Gli svizzeri non sono abbastanza ghiotti di tacchino per assicurare il futuro della produzione indigena Keystone

Migros vuole sbarazzarsi della carne di tacchino indigeno. Questo la dice lunga sulle difficoltà di un'agricoltura svizzera i cui costi di produzione sono tutto tranne che concorrenziali.

Questo contenuto è stato pubblicato il 13 luglio 2006 - 10:21

La decisione del leader del commercio al dettaglio è motivata da considerazioni di redditività. E provoca una levata di scudi.

Per l'agricoltura svizzera è passato il tempo delle vacche grasse. Oggi ha di fronte la dura realtà della ristrutturazione. Con, tra le altre ipotesi, la prospettiva della diversificazione.

Era stato proprio il miraggio della diversificazione a spingere una cinquantina di allevatori, appoggiati dai distributori, a puntare sulla carne di tacchino già a partire dai primi anni Novanta - principalmente nei cantoni di Vaud e Friburgo.

Ma quello che funziona in America non va necessariamente bene in Svizzera. E Migros, che ci aveva creduto, si trova ora costretta a prendere atto della recalcitranza dei consumatori, spiega il capo marketing di Micarna, il comparto carne di Migros. «La massa critica non è mai stata raggiunta. Migros tratta 60'000 polli al giorno ma appena 350'000 tacchini in un anno», spiega Patrick Wilhem.

Un mercato che cambia

«Come impresa, abbiamo il dovere di assicurare posti di lavoro in un mercato in totale mutamento», puntualizza Wilhem. «Non ci possiamo permettere che altri settori sostengano una produzione che non riscuote l'interesse auspicato».

La maggior parte dei distributori lo ha già fatto da tempo, ora anche il leader del commercio al dettaglio elvetico ha deciso di scommettere sulle meno care Francia, Germania e Ungheria. E di liberarsi da giugno 2007 di una produzione locale gravata da un doppio handicap.
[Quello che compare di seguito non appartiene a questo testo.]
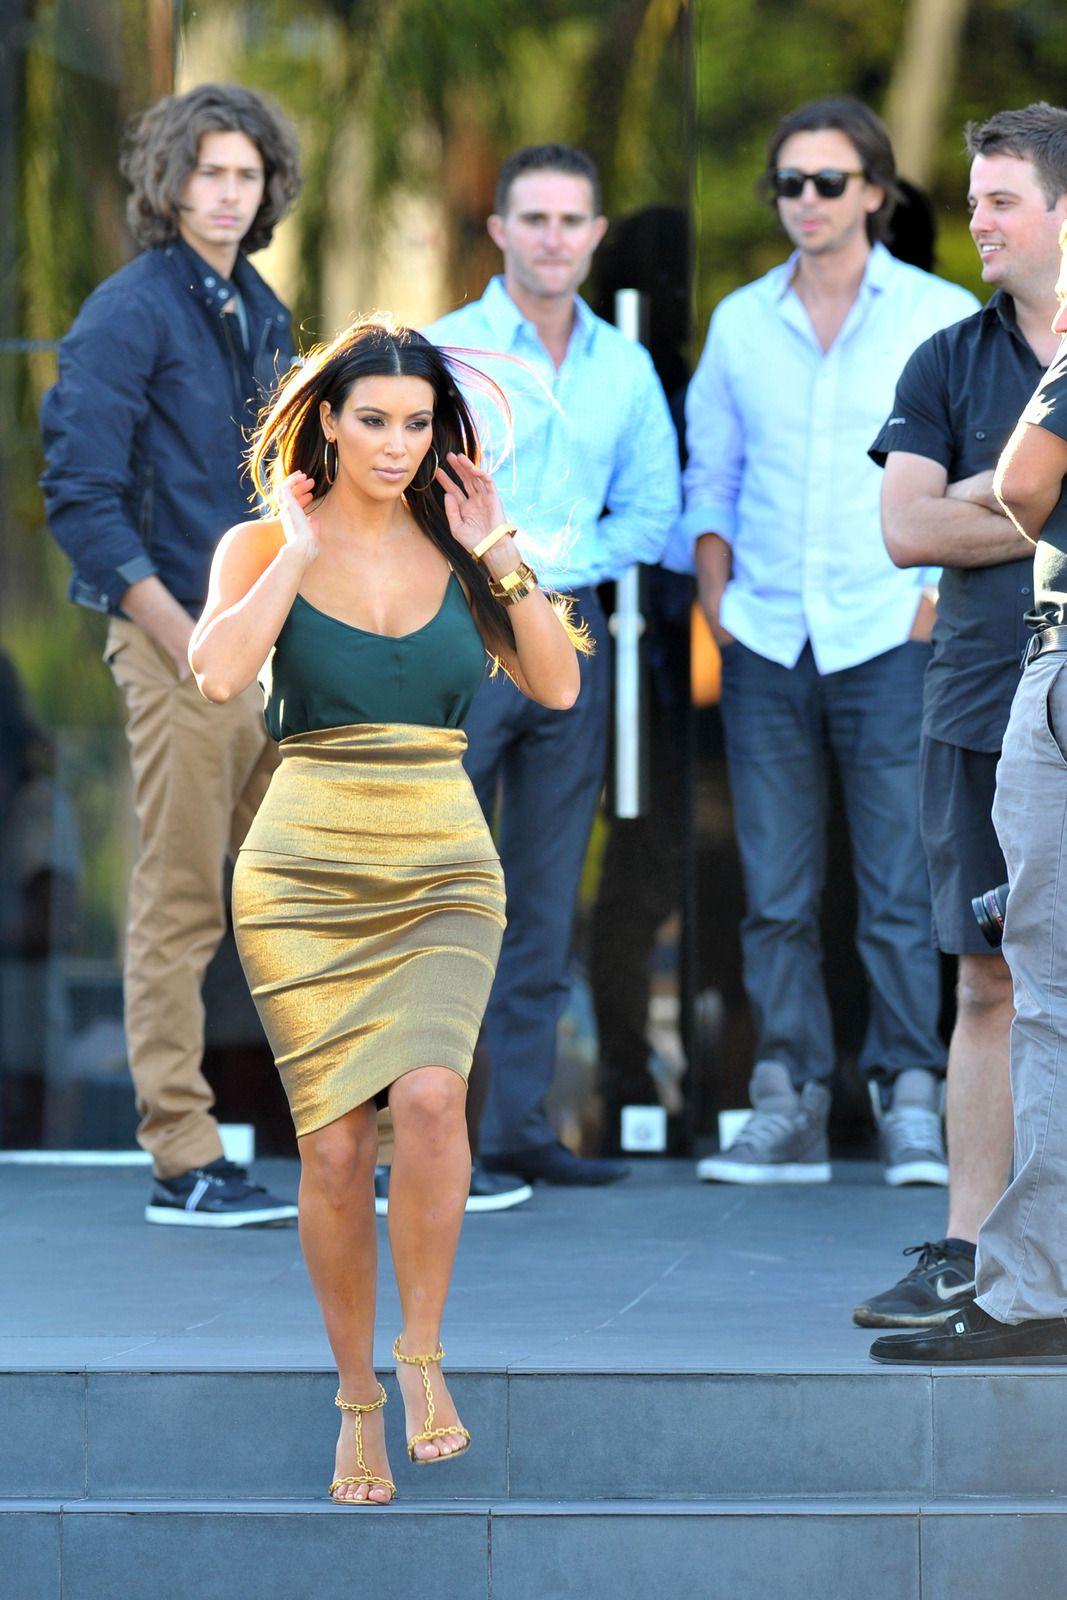 Start your engines boys! Kim Kardashian\'s golden \'assets\' garner a ...
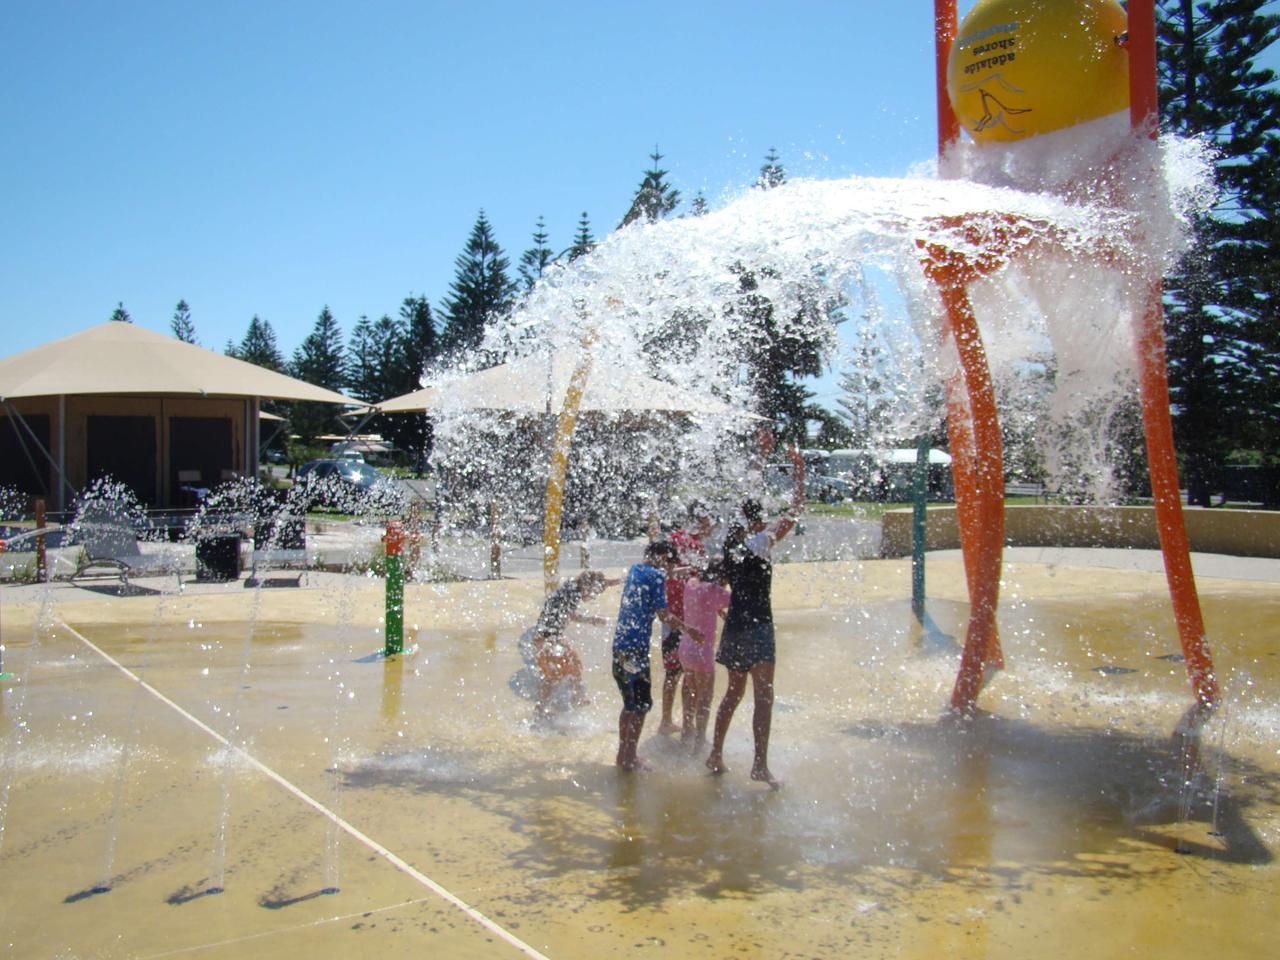 The Big4 West Beach holiday park.

In primo luogo, i costi di produzione (in maniera particolare il costo del foraggio) rendono la carne di tacchino indigena da 2 a 3 volte più cara. Inoltre da qui al 2007 il sistema di importazione sarà del tutto cambiato.

Settore in liquidazione

Finora, solo chi abbatteva pollame svizzero era poi autorizzato ad importarne da altri paesi. Una parte del guadagno permetteva di coprire la differenza di prezzo tra i volatili svizzeri, più costosi, e quelli europei.

Ma d'ora in poi, il tacchino svizzero perderà questo sostegno: i quantitativi di importazione saranno stabiliti attraverso un sistema di aste.

Il vicepresidente dell'Unione svizzera dei contadini (USC), John Dupraz, ritiene che la decisione di Migros derivi anche dalla fusione dei due comparti carne del colosso svizzero della distribuzione.

Al di fuori di ogni considerazione sociale, «vogliono fare quattrini. La conseguenza è la liquidazione del settore», afferma Dupraz, che è anche deputato del Partito liberale radicale (destra).

Il diritto di scegliere

La decisione di Migros - in contrasto con una comunicazione incentrata sulle produzioni indigene - provoca parecchie reazioni. Per la Federazione romanda dei consumatori (FRC), molti Svizzeri vogliono poter scegliere tra carne locale (prodotta secondo criteri molto rigidi) e importata.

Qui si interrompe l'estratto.